Voxtral: Open Source AI Audio Model—Capabilities, Features, and How to Access

Mistral AI has just released Voxtral, an open-source audio AI model designed to power businesses in transcription, comprehension, summarization, and voice-driven command execution.

Launched on July 15, 2025, Voxtral comes in two configurations: Voxtral Small, featuring 24 billion parameters for cloud-scale applications, and Voxtral Mini, with 3 billion parameters for on-device and edge deployments.

Both variants handle a 32k-token context window, allowing for transcription that spans up to 30 minutes and comprehension tasks that can run for 40 minutes.

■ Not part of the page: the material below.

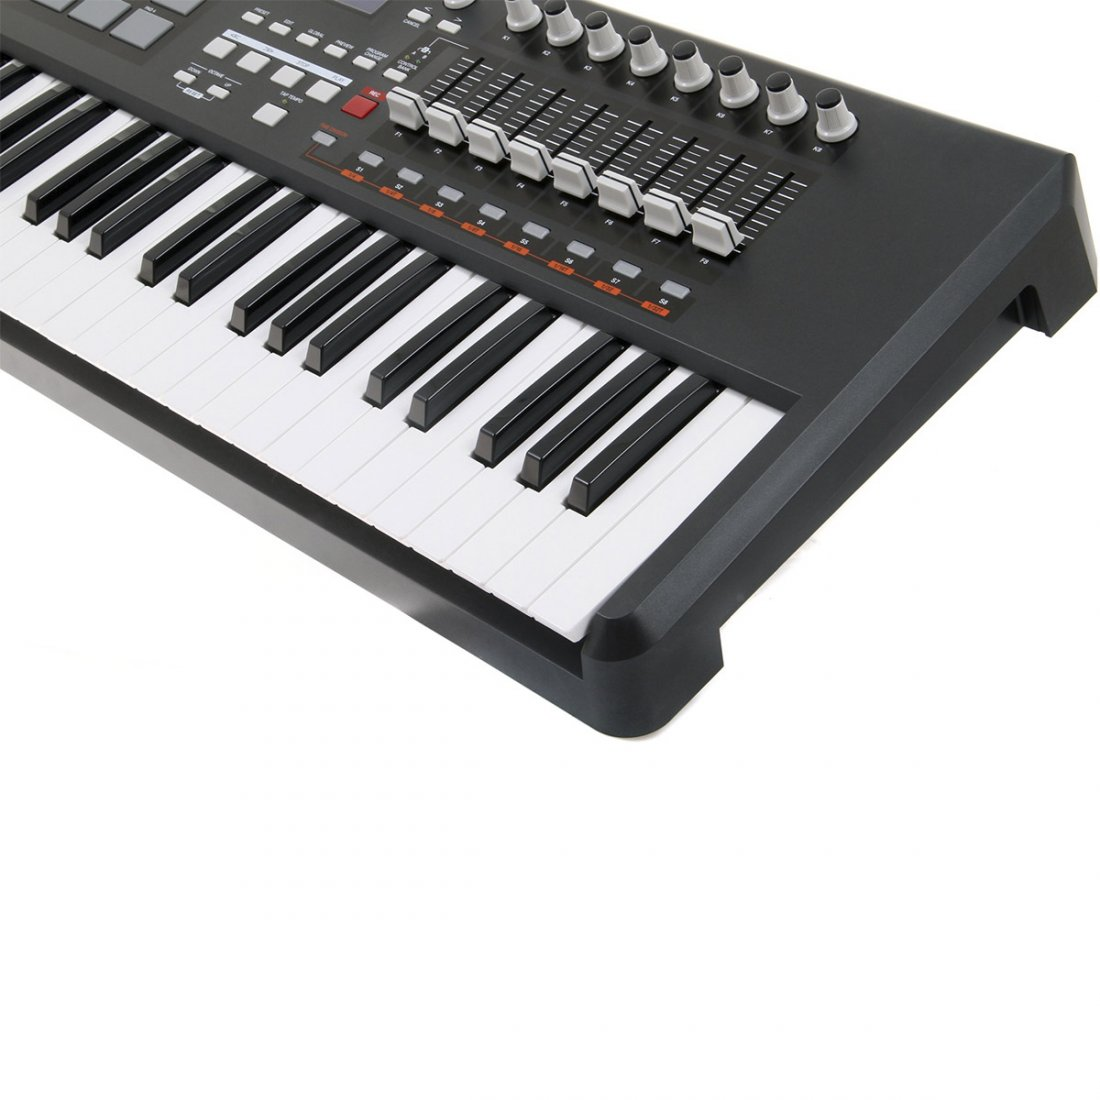 Akai MPK61 Teclado Controlador Midi, Bivolt

Built atop Mistral’s Small 3.1 language model, Voxtral integrates Q&A, multilingual summarization, support for languages like English, Hindi, French, Spanish, and more, and direct function binding to spoken input.

It is released under the Apache 2.0 license; users can download the model from Hugging Face or query it through Mistral’s API, with pricing that starts at $0.001 per minute, less than half the cost of comparable proprietary solutions.

What Is Voxtral AI?

Voxtral AI is an open-source audio intelligence model released by Mistral AI on July 15, 2025. It offers two versions: Voxtral Small, with 24 billion parameters, designed for production-level tasks, and Voxtral Mini, with 3 billion parameters, suitable for edge or local environments.

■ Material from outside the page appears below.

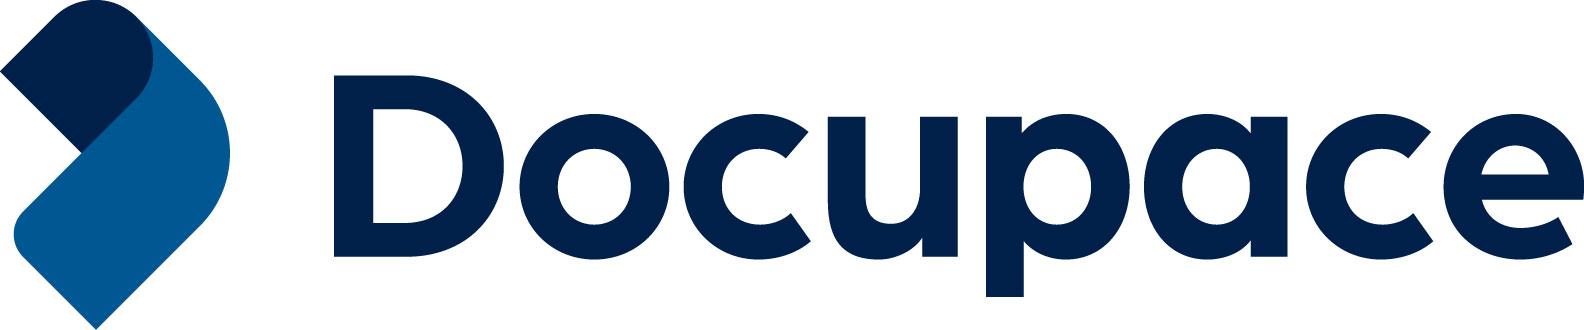 Docupace Technologies, LLC. logo

Both are based on the Mistral Small 3.1 LLM, combining speech processing with deep text understanding. Voxtral can handle 30 minutes of audio transcription or 40 minutes for comprehension, using a large 32K token context window.

It supports multiple languages, automatic language detection, Q&A, summarization, and even function calling directly from speech.

How Voxtral Works: Core Technology and Features

Voxtral uses a unique architecture that merges an audio encoder with a language model decoder. It reads speech using an audio encoder and adapter, transforming it into a textual representation. Then Mistral Small 3.1 processes that text to understand context, answer questions, summarise, or trigger commands.

The model’s 32K-token context window enables it to process long audio files, allowing for up to 30 minutes of transcription or 40 minutes of comprehension. Built-in Q&A and summarisation features eliminate the need to chain separate ASR and LLM models.

Voxtral supports English, Spanish, French, Portuguese, Hindi, German, Dutch, Italian, and more, automatically detecting language. Voice-enabled function calling means spoken commands can directly trigger workflows or API calls.

Why Voxtral Stands Out: Open, Scalable, and Cost-Effective

Voxtral is a breakthrough in open-source speech AI. Licensed under Apache 2.0, businesses can self-host it with complete control.

Mistral also offers an API at a rate of only $0.001 per audio minute, which is claimed to be less than half the cost of major proprietary alternatives, such as OpenAI Whisper or ElevenLabs Scribe.

In performance benchmarks, Voxtral outperforms Whisper Large-v3, GPT-4o Mini Transcribe, Gemini 2.5 Flash, and ElevenLabs Scribe on transcription and comprehension tasks.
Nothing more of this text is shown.